Judging by the RBA’s post-meeting Statement on Tuesday, the Bank still seems to see more blue skies than rain clouds ahead. For starters, it downplayed the negative September quarter GDP result suggesting it “largely reflected temporary factors” – which we know were factor like poor weather which hampered some construction projects and export shipments. The Bank then confidently expressed the view that its “central scenario remains for economic growth to be around 3 per cent over the next couple of years.”  As gleaned from various surveys, that’s still toward the top-end of the range of market-economist expectations (including my own), and suggest the RBA won’t revise down its growth outlook by much at all in this Friday’s Statement on Monetary Policy.

Given the RBA talks to an extensive range of business contacts on a regular basis, the fact it remains relatively upbeat on the economic outlook is encouraging. That said, while the RBA is not the worst economic forecaster in the country, even it is not infallible.

More generally, however, my sense is that the RBA may be getting a little more comfortable with below-target inflation, especially if it coincides with above trend growth (as it expects) and associated downward pressure on the unemployment rate.

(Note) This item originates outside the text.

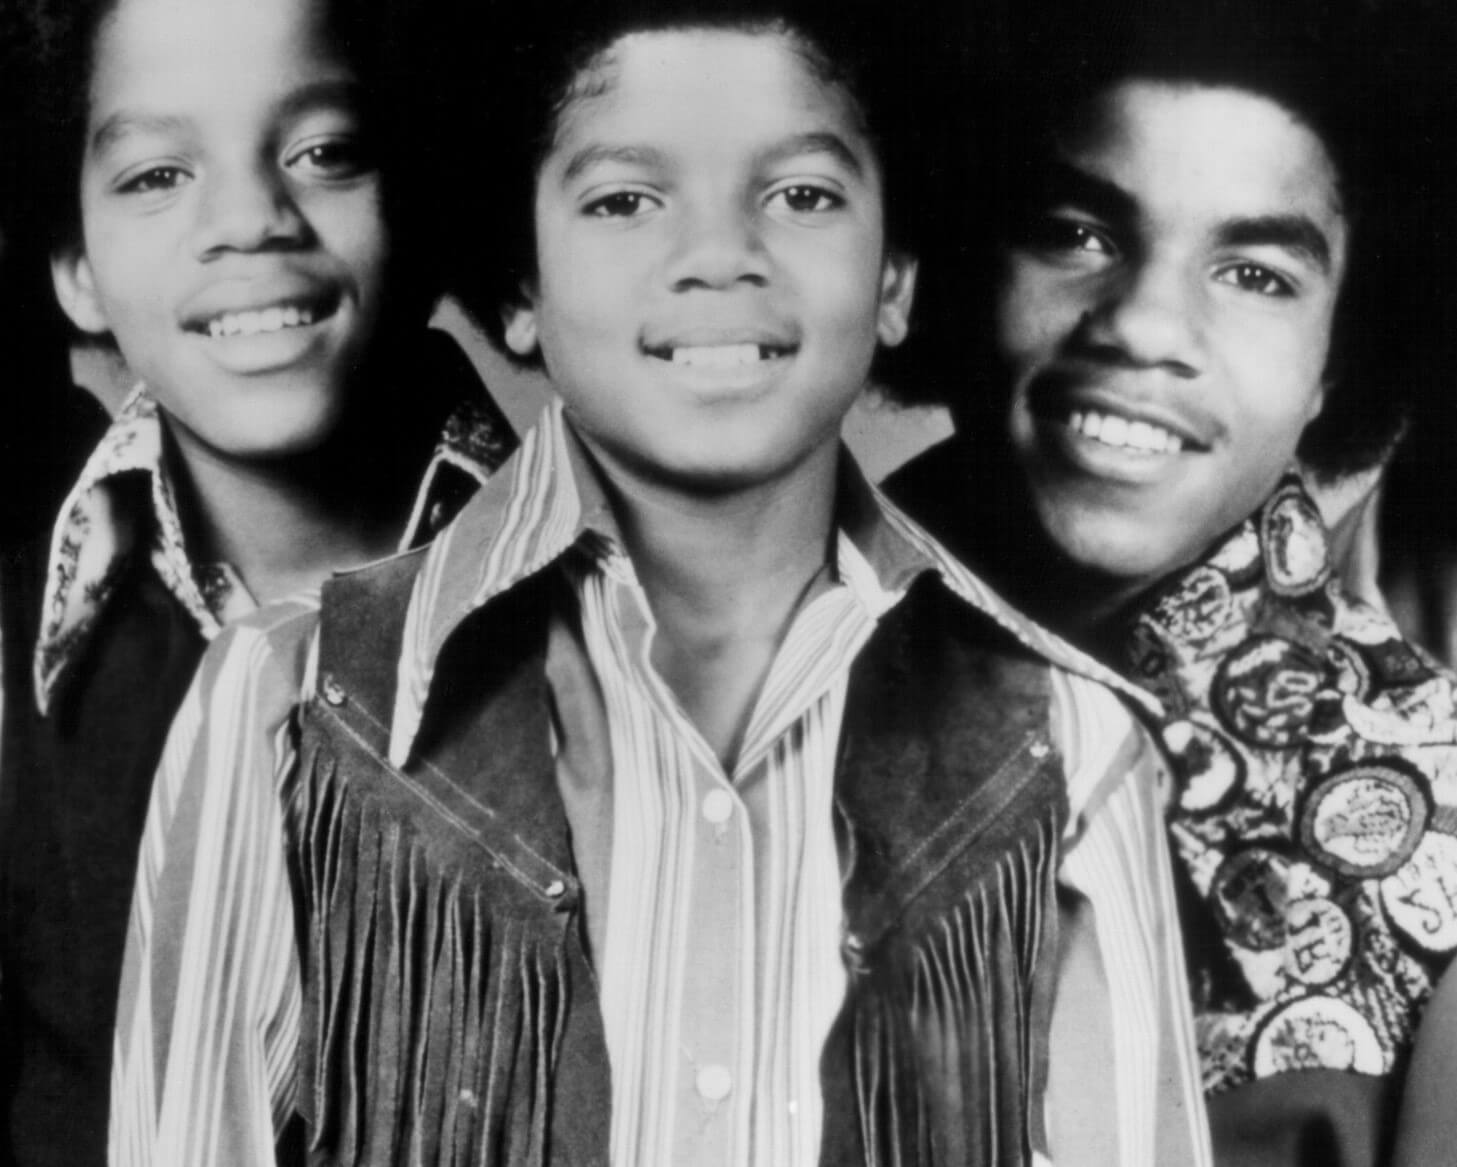 The Jackson 5, a boy band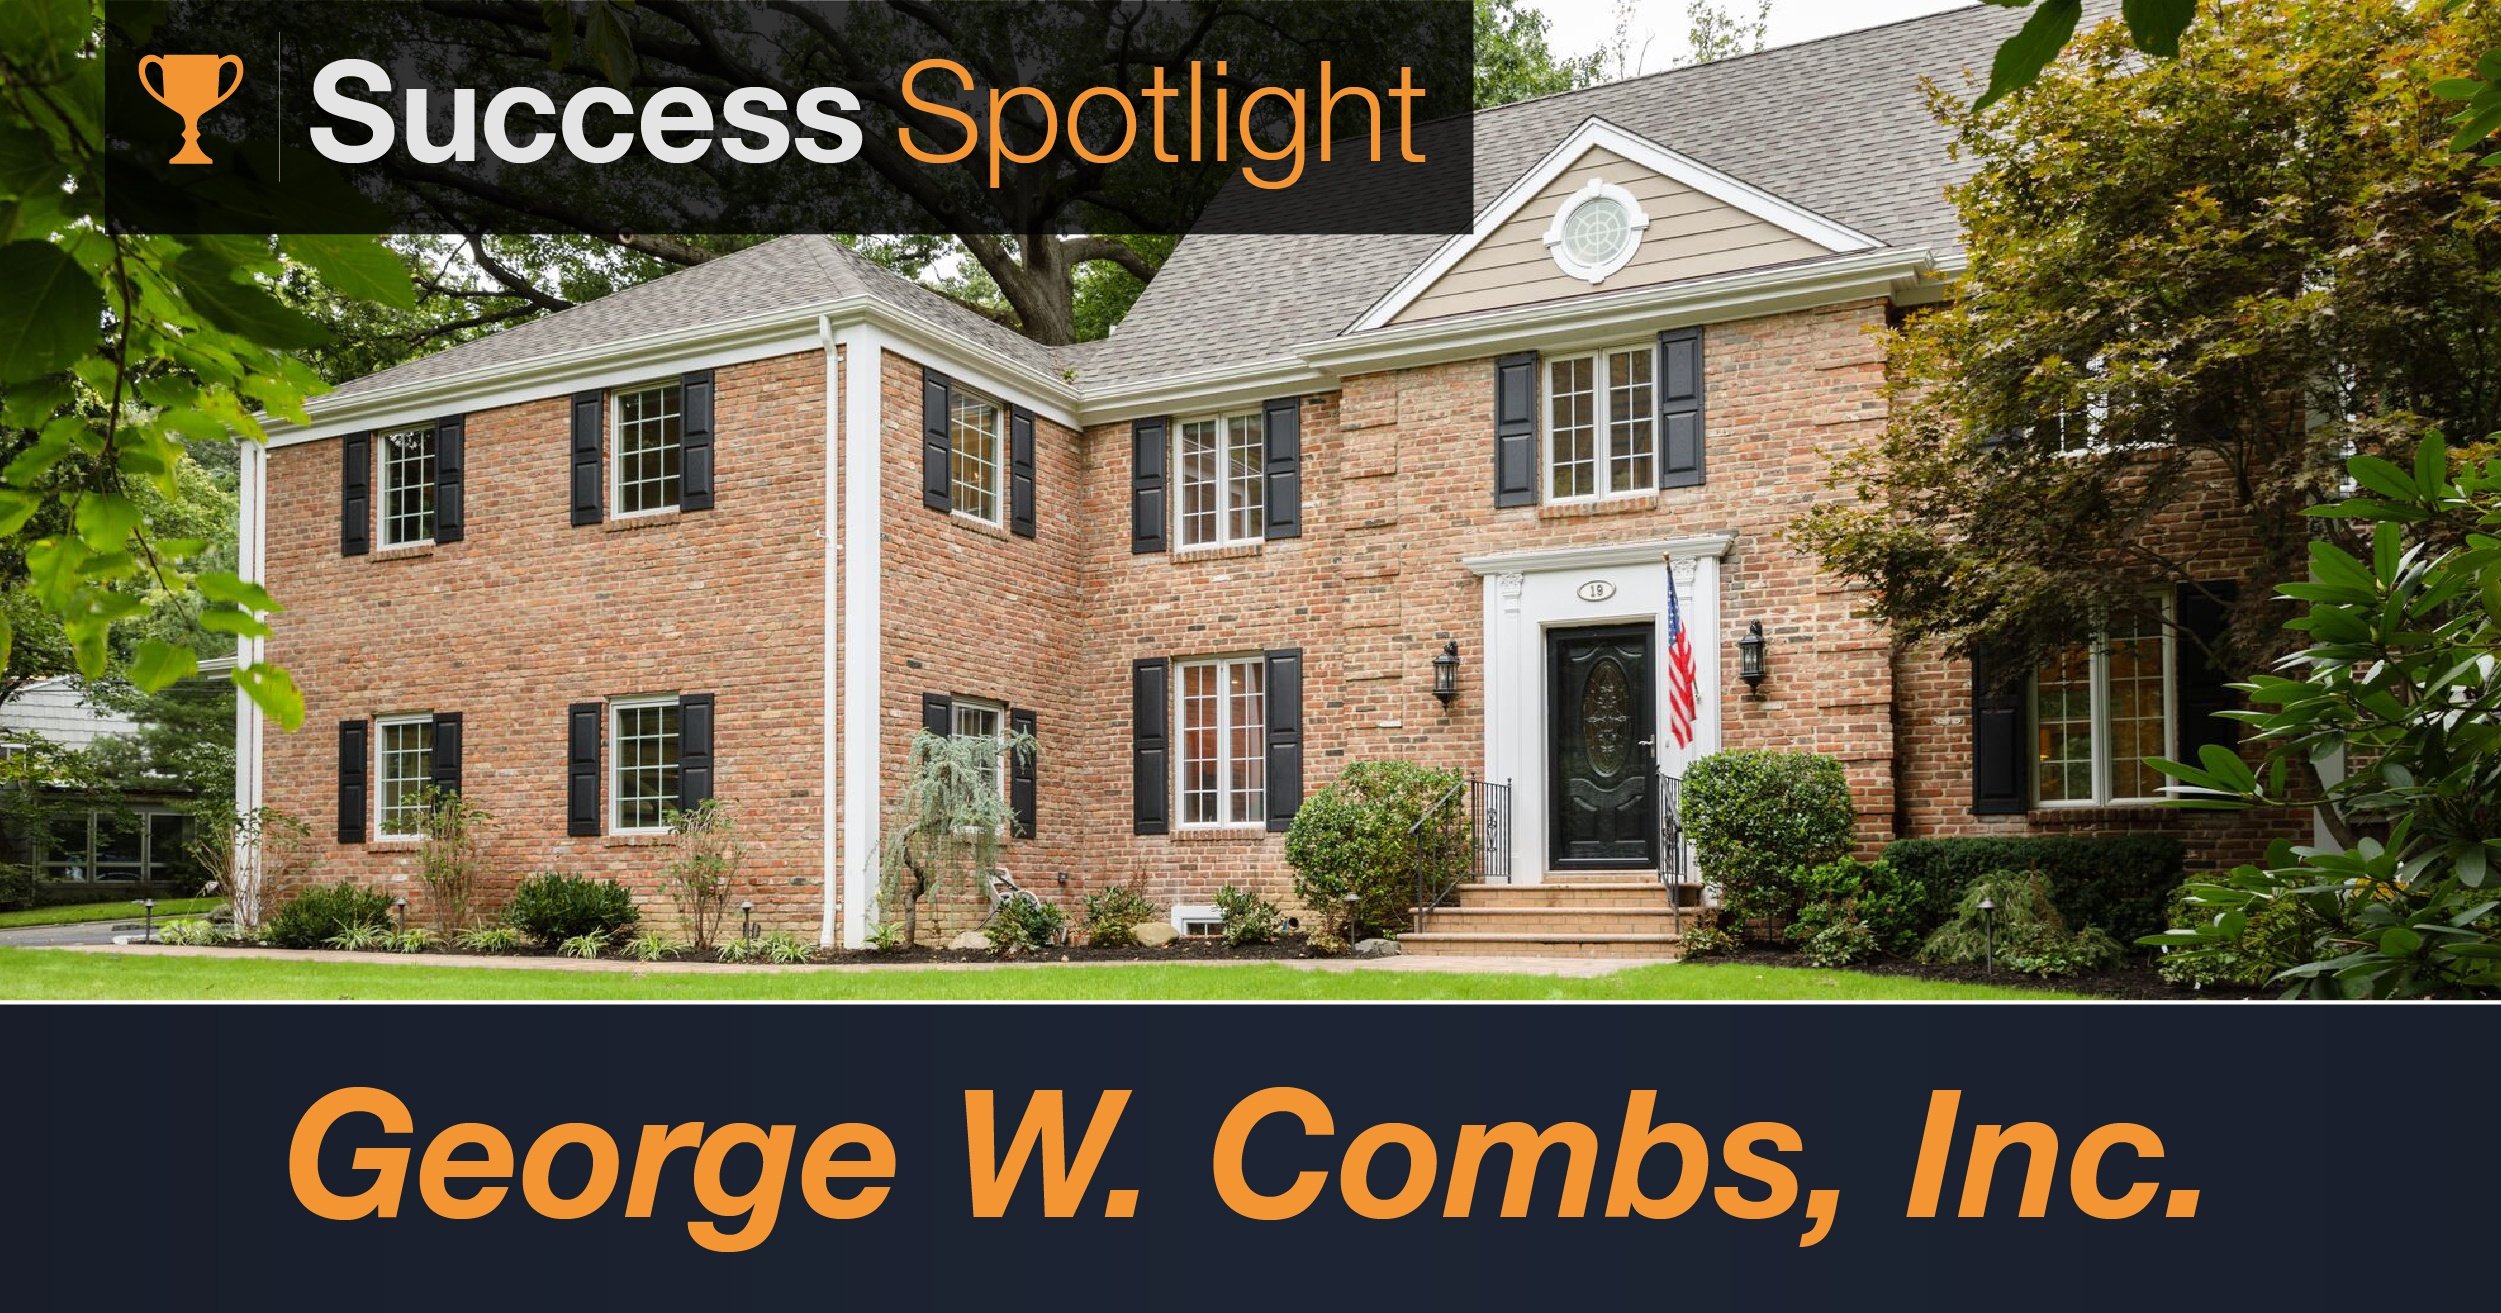 Success Spotlight: George W. Combs, Inc.

Indeed, provided low inflation does not reflect deficient demand – but rather “positive supply shocks” such as new entrants and productivity-enhancing technology shocks – it could actually be construed as an economic positive that enhancing real incomes.

All this suggest that a rate cut as early as May will also be a stretch – even if annual underlying inflation stays close to 1.5% in the March quarter report in late April – unless we also start to see the unemployment rate defying the RBA’s optimism and push back above 6%.